The pain of browsing over EDGE is greatly exaggerated. It doesn't take Phone Scoop noticeably longer to load in Safari over EDGE than it did to load on the Sprint Mogul over EV-DO. Browsing using Wi-Fi is just as fast as on your PC.

Using Safari makes mobile browsing into a completely new experience. It's true there are a number of other browsers for phones that can navigate to desktop websites and even reformat them for the phone's screen, but nothing works as well Safari does. At times it has literally left me speechless. Although it does not support Flash, or some advanced dynamic web 2.0 technologies, Safari still provides an excellent mobile browsing experience.

Bookmarks are synced from your desktop computer and as you start to enter a URL in the title bar they are filtered so you can quickly select one. (Why doesn't contacts work this way?) You can have multiple windows open, each displayed as a flickable preview on the the tabs screen. This is similar to how the history browser works on the S60 browser.
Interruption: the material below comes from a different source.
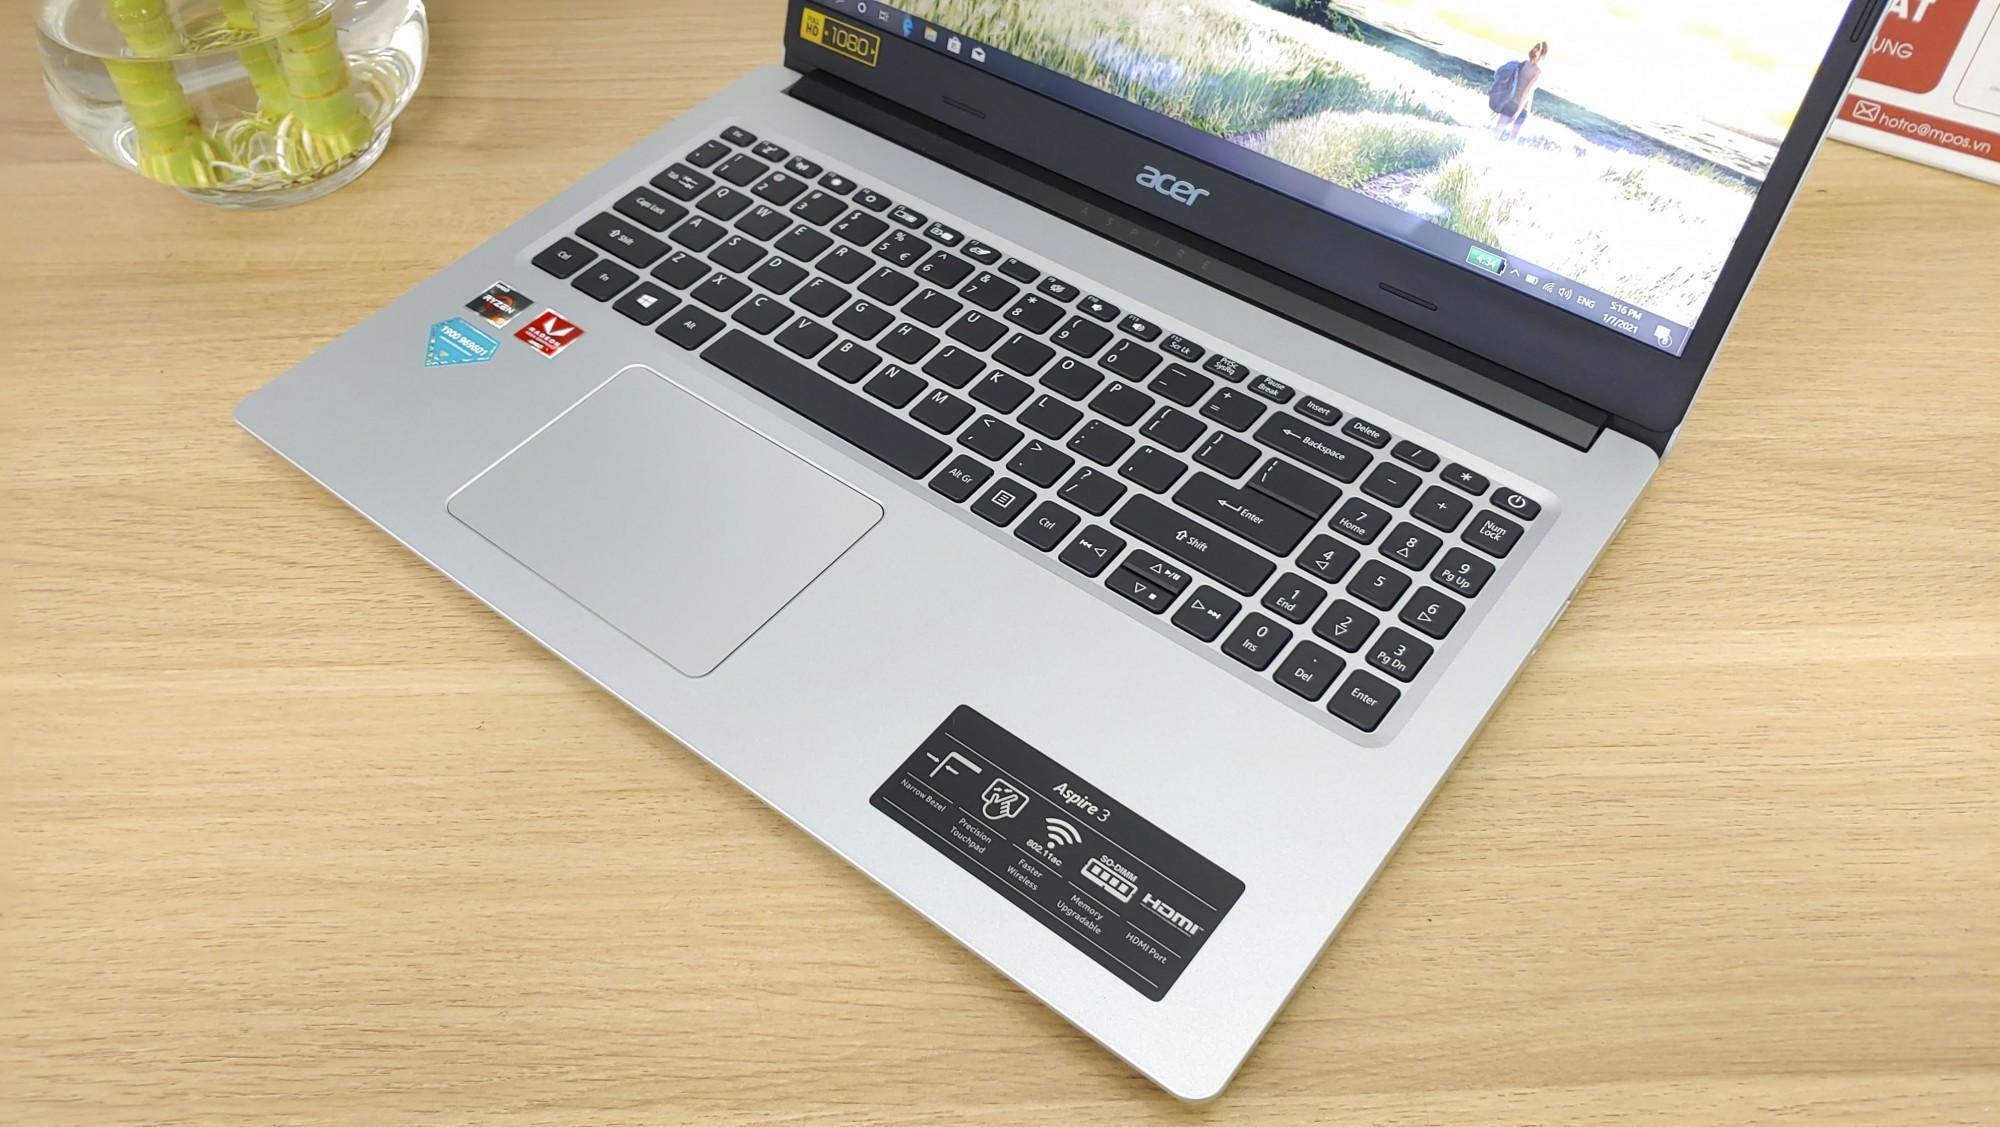 Acer Aspire A315-23G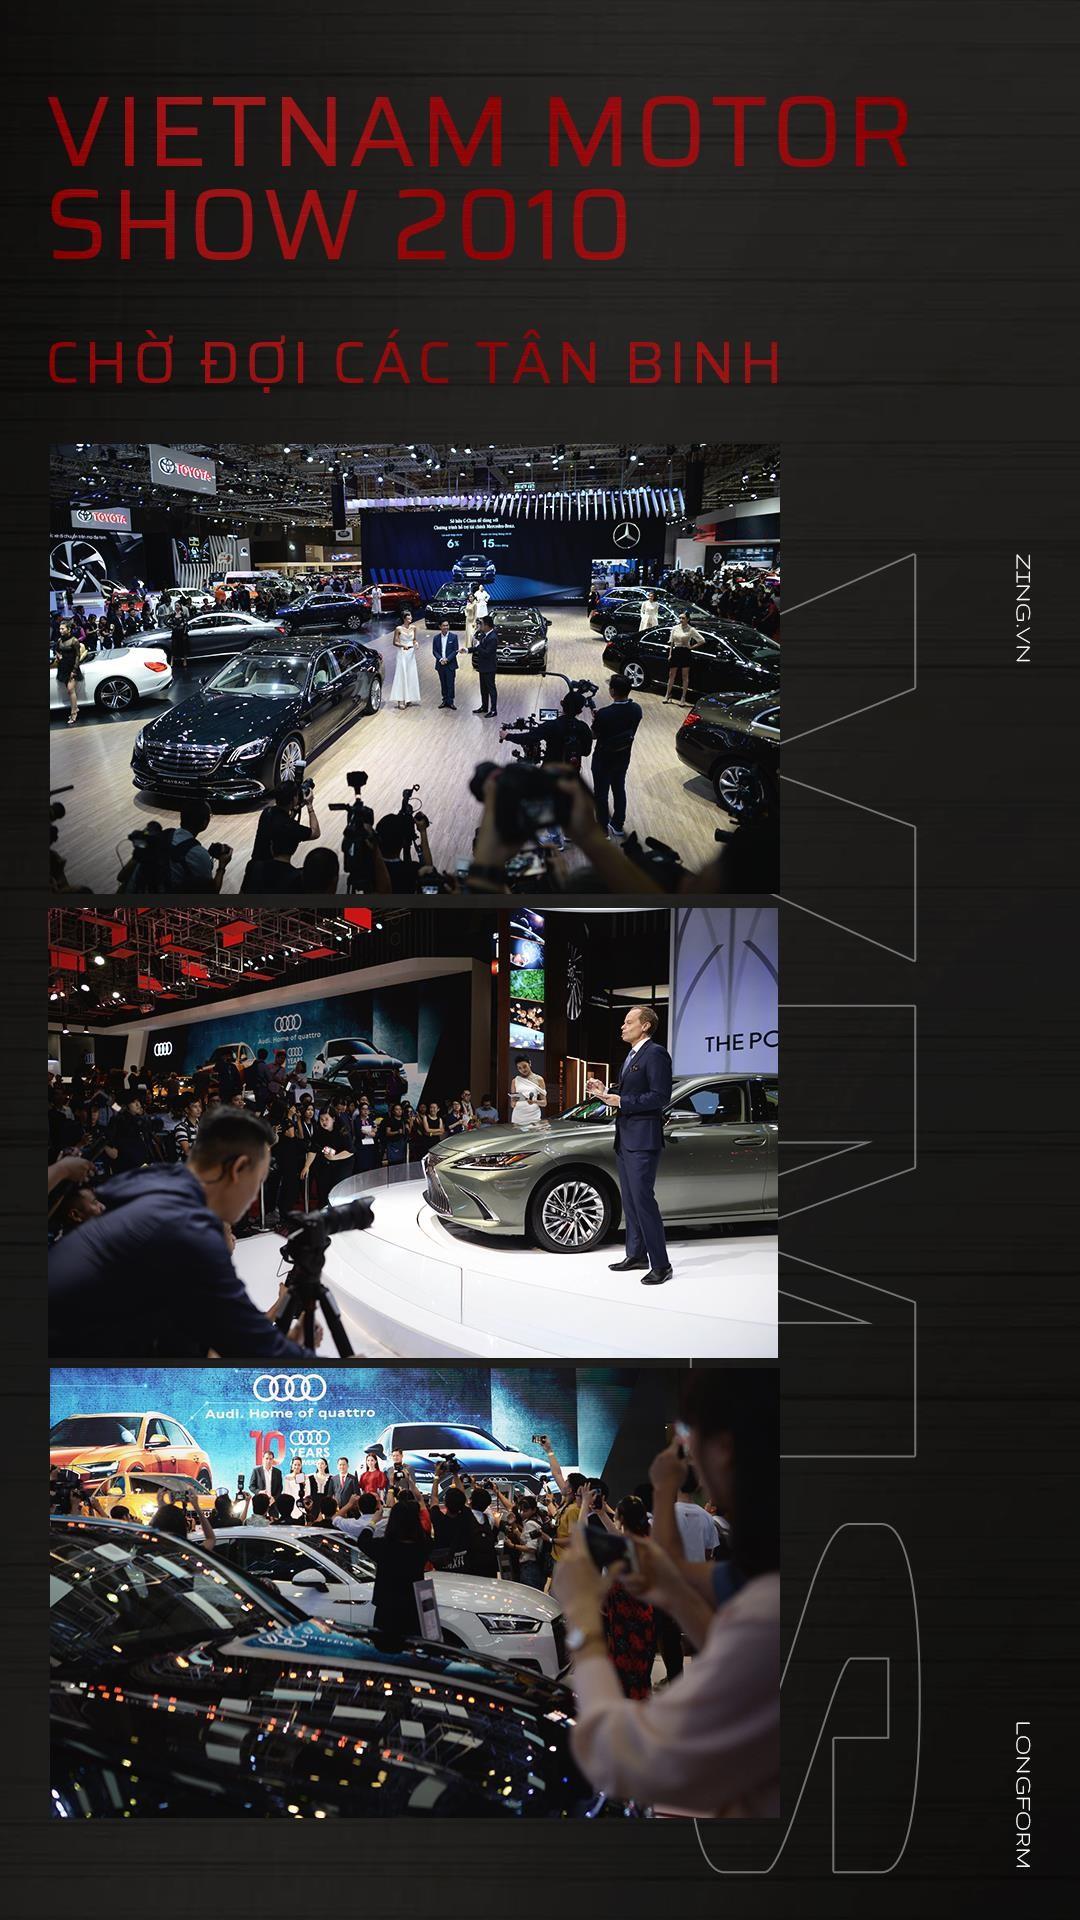 Vietnam Motor Show 2019 - tân binh VinFast đối đầu Ford, Toyota - Ảnh 1.

When Safari loads a page, it draws as much as will fit on the screen at once, as we said earlier, scrolling to another part of the page may take a few seconds to draw. When you pinch or tap to zoom in, the zoomed in area is instantly drawn at the current (zoomed out) resolution, so text and images are blurry, but then it is replaced with sharp versions in a second or two.

While pinching is certainly a fun way to zoom, it's usually faster to just double-tap, which intelligently zooms in or out to exactly the zoom level you want (it's like it reads your mind; it's almost spooky.) Between that, flicking to scroll, and being able to flip to landscape mode with a turn of the wrist, mobile browsing that would be painful on other devices is downright fun on the iPhone.

While Safari works perfectly well with mobile formatted sites that you can go to directly, most sites that auto-detect mobile browsers will serve you up the desktop version. In most cases this isn't a problem, since Safari handles desktop sites so well. But sometimes, for instance with Gmail, we would have preferred a small-screen formatted version and had no way to switch to it.

 

Customization

As we said earlier, you don't see the home screen very often, but you can customize the photo background on it, selecting from pre-loaded pictures or any shot you've taken or loaded from your computer in the photo gallery.

You can load your own wallpapers, but you cannot load your own ringtones. You are limited to the 25 or so ringtones that come stock on the phone. These tunes range from sound effects to musical snippets. These are also used for alarms as well. There are sound effects for new SMS, email, voicemail and more, however those are not even changeable. You can only turn the default sound off or on.